Сказка Паганеля имела огромный успех. Ему даже аплодировали, но каждый остался при своем мнении. Ученый достиг обычного результата всякого спора – он никого не убедил. Но все же с ним согласились в том, что под ударами судьбы не надо падать духом и что, если нет ни дворца, ни хижины, надо довольствоваться и деревом.

Пока велись эти разговоры, наступил вечер. После такого тревожного дня нужно было как следует выспаться. Постояльцы омбу были не только утомлены борьбой с наводнением, но, сверх того, измучены жгучей дневной жарой. Их крылатые соседи уже скрылись в гуще листвы; мелодичные рулады хильгуэрос, этих пампасских соловьев, мало-помалу затихали. Птицы погружались в сон. Лучше всего было последовать их примеру.

Но прежде чем, по выражению Паганеля, «забиться в гнездышко», Гленарван, Роберт И географ взобрались в свою «обсерваторию», чтобы в последний раз осмотреть водную равнину. Было около девяти часов вечера. Солнце только что скрылось, и облака на горизонте еще пылали. Всю западную половину неба заволокли клубы теплого пара. Обычно столь яркие, созвездия Южного полушария смутно мерцали, будто скрытые мглистым покровом. Все же их можно было распознать, и Паганель познакомил Роберта и Гленарвана с яркими звездами околополярной зоны. Ученый показал им много созвездий, в том числе Южный Крест – созвездие из четырех звезд первой и второй величины, расположённых в виде ромба почти над самым полюсом, созвездие Кентавра, в котором расположена самая близкая к земле звезда – до нее всего восемь тысяч миллиардов миль; две обширные туманности – облака Магеллана, – из которых более крупная в двести раз больше видимой поверхности Луны; и, наконец, «черную дыру» – то место на небесном своде, где как будто совершенно отсутствуют звезды.

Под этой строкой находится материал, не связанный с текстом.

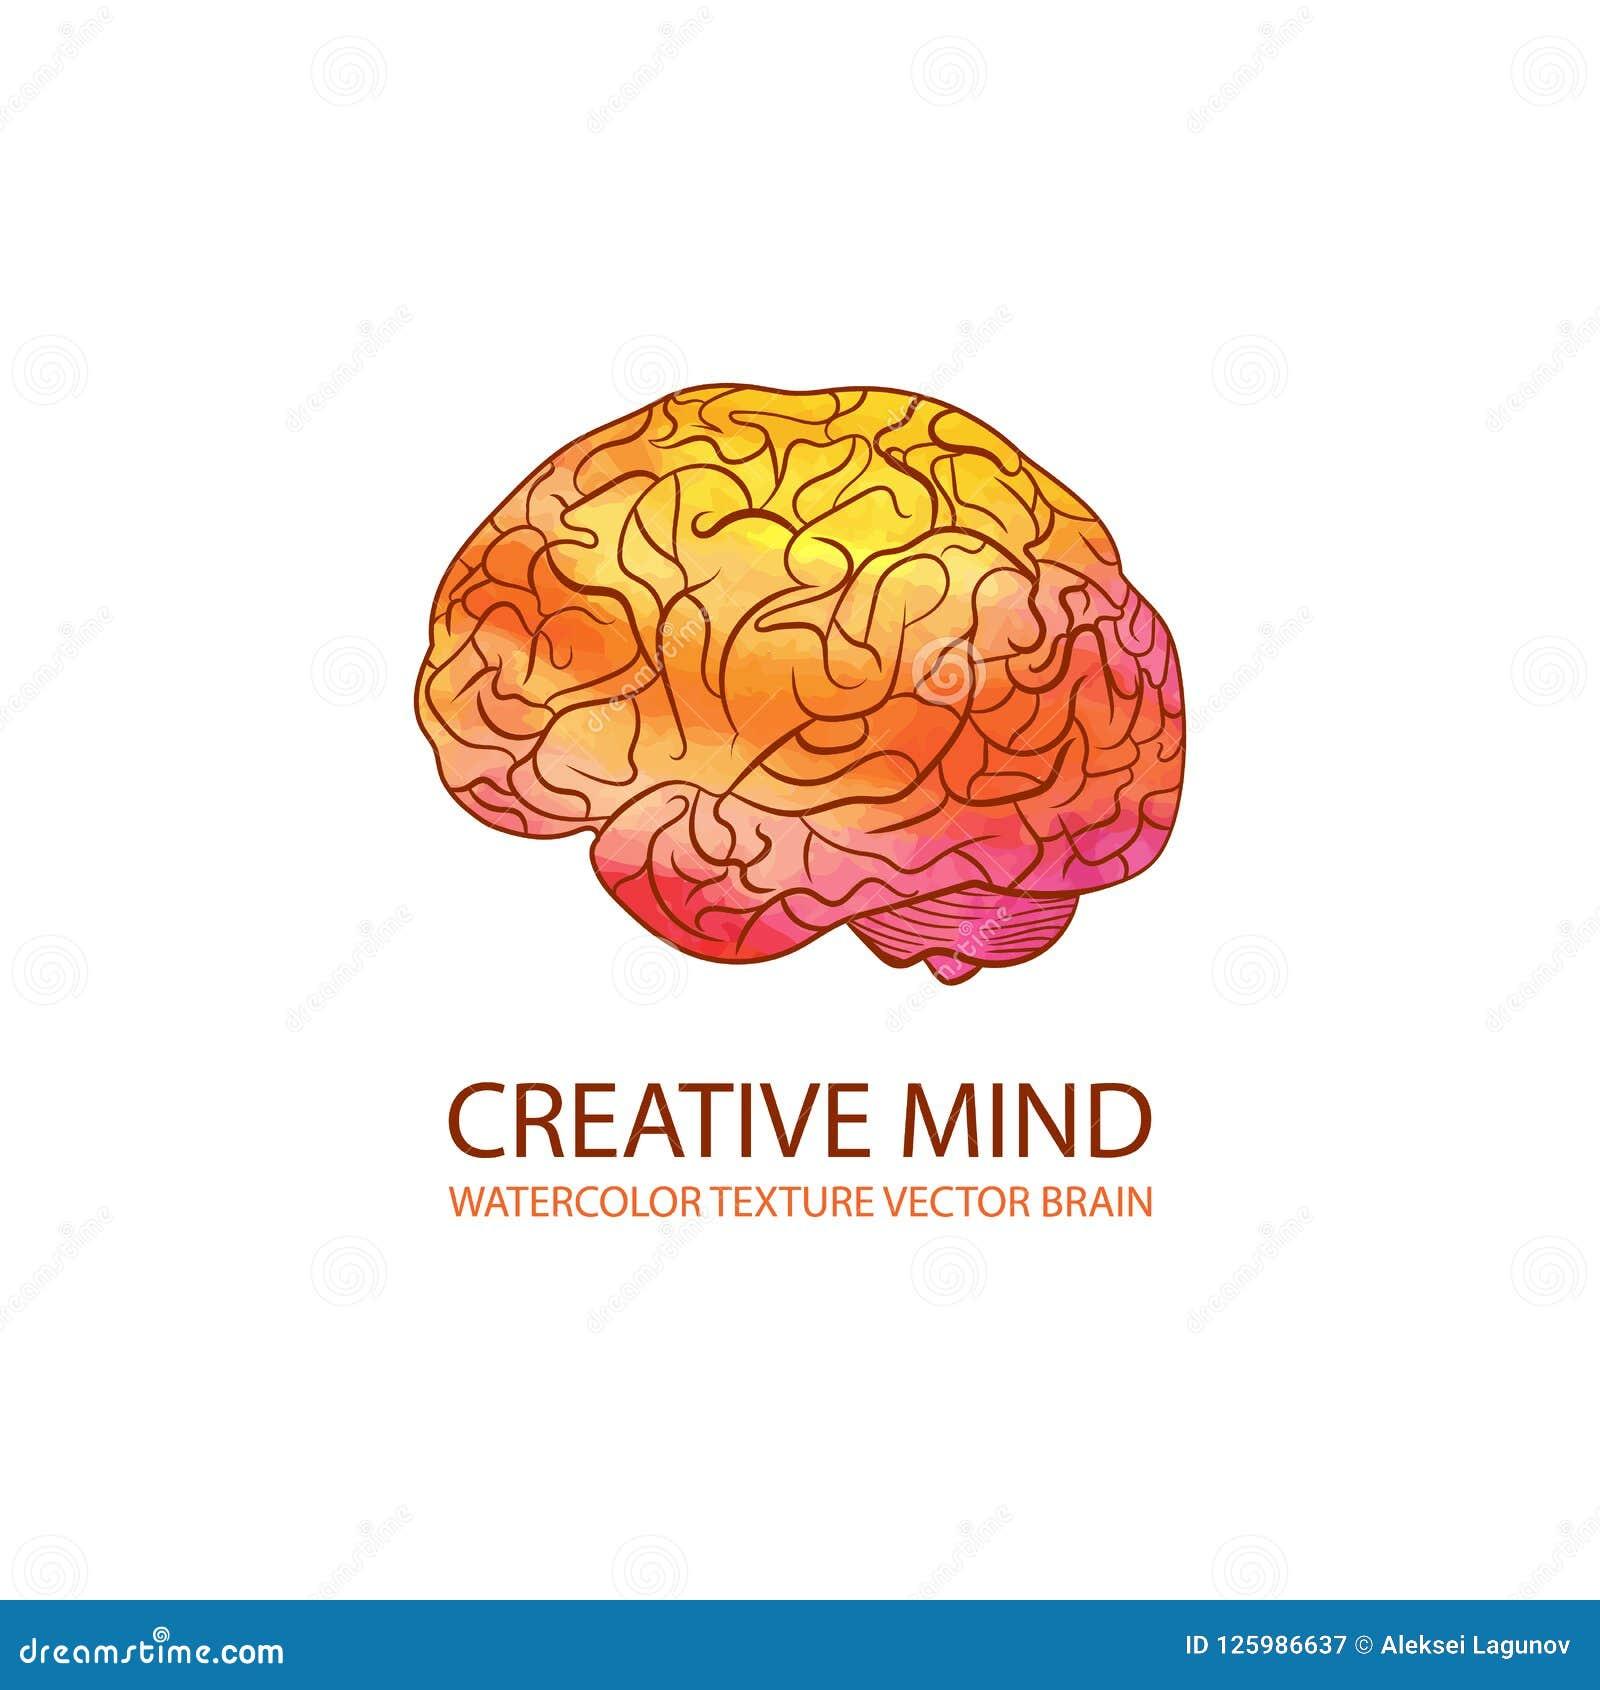 Διανυσματική δημιουργική απεικόνιση μυαλού, ζωηρόχρωμος εγκέφαλος κλίσης Watercolor, πρότυπο λογότυπων

Географ очень жалел о том, что на небе еще не появился видимый на обоих полушариях Орион, но зато он рассказал своим ученикам об одной любопытной легенде патагонской «космографии». В глазах поэтичных индейцев Орион – это громадное лассо и три болас, брошенные рукой охотника, бродящего по небесным прериям. Все эти созвездия, отражаясь в зеркале вод, создавали как бы второе небо. Картина была поистине восхитительна.

Пока Паганель вел ученые речи, небо на востоке омрачилось. Густая, темная, резко очерченная туча постепенно поднималась, гася звезды. Мрачная, зловещая, она вскоре заволокла половину небесного свода. Казалось, что она движется сама собой, так как не чувствовалось ни малейшего ветерка. Воздух был неподвижен. Ни один листок на дереве не шевелился, ни малейшей ряби не пробегало по поверхности вод. Даже дышать становилось трудно – точно колоссальный насос разредил воздух. Атмосфера была насыщена электричеством; каждое живое существо ощущало, как оно бежит по его нервам.

Гленарван, Паганель и Роберт почувствовали эти электрические волны.

– Надвигается гроза, – заметил Паганель.

– Ты не боишься грома? – спросил Гленарван мальчика.

– О, милорд!

– Ну, тем лучше: скоро будет гроза.

– И гроза сильная, судя по виду неба, – добавил Паганель.

– Меня беспокоит не столько гроза, – продолжал Гленарван, – сколько ливень, который хлынет одновременно с ней. Нас промочит до костей. Что бы вы ни говорили, Паганель, а гнездом человек довольствоваться не может, и вы скоро в этом убедитесь на самом себе.

– О, относясь философски…

– Философия не помешает вам вымокнуть.

– Нет, конечно, но она согревает.

– Однако давайте спустимся к нашим друзьям, – сказал Гленарван, – и посоветуем им, вооружившись философией, как можно плотнее завернуться в пончо, а главное, запастись терпением, ибо оно нам понадобится.

Гленарван в последний раз окинул взором грозное небо. Оно было покрыто тучами; только на западе неясная полоса еще чуть светилась сумеречным светом. Вода потемнела и тоже напоминала огромную тучу, готовую слиться с тучей на небе. Ничего не было видно. Ни проблеска света, ни звука. Тишина становилась такой же глубокой, как темнота.

– Давайте же спускаться, – повторил Гленарван, – скоро ударит гром.

Все трое соскользнули по гладким веткам вниз и с удивлением увидели какой-то странный полусвет, освещавший все вокруг. Исходил он от несметного количества светящихся точек, носившихся с жужжанием над водой.

– Что это, фосфоресценция? – спросил Гленарван географа.

– Нет, – ответил тот, – это светляки – живые и недорогие алмазы, из которых дамы Буэнос-Айреса делают себе прекрасные уборы.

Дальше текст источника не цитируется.